Prompt —
Transcribe, without any alteration, only the lines that begin at the line containing "Materials: Resin and bronze" and run to the last line below.

Source material —
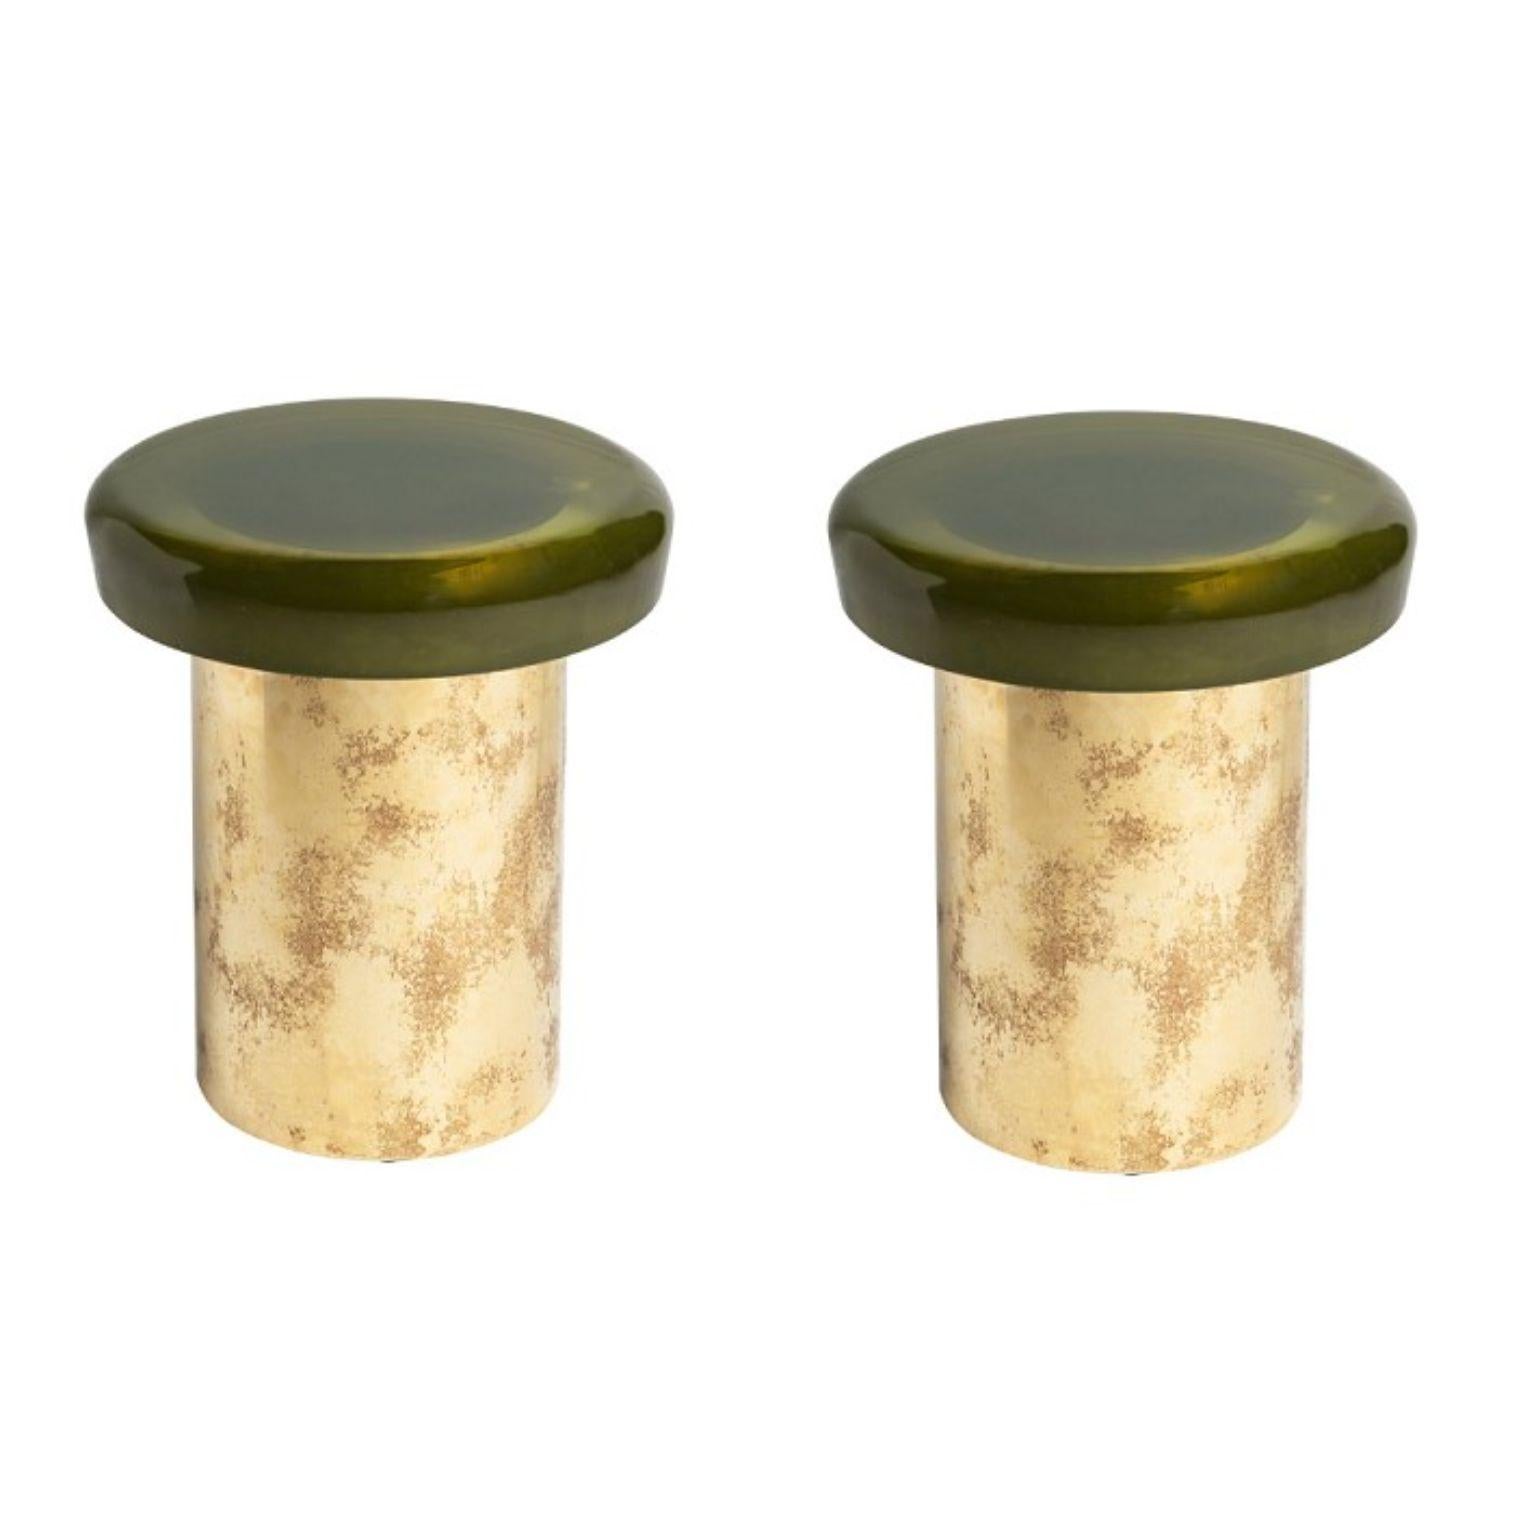 Set of 2 jade stools by Draga & Aurel
Dimensions: W 40, D 40, H 46, top Ø 40 cm
Materials: Resin and bronze

Formed from a combination of reflective resin and solid brass, the Jade coffee tables look like precious gems. The surface is made by

Output —
Materials: Resin and bronze

Formed from a combination of reflective resin and solid brass, the Jade coffee tables look like precious gems. The surface is made by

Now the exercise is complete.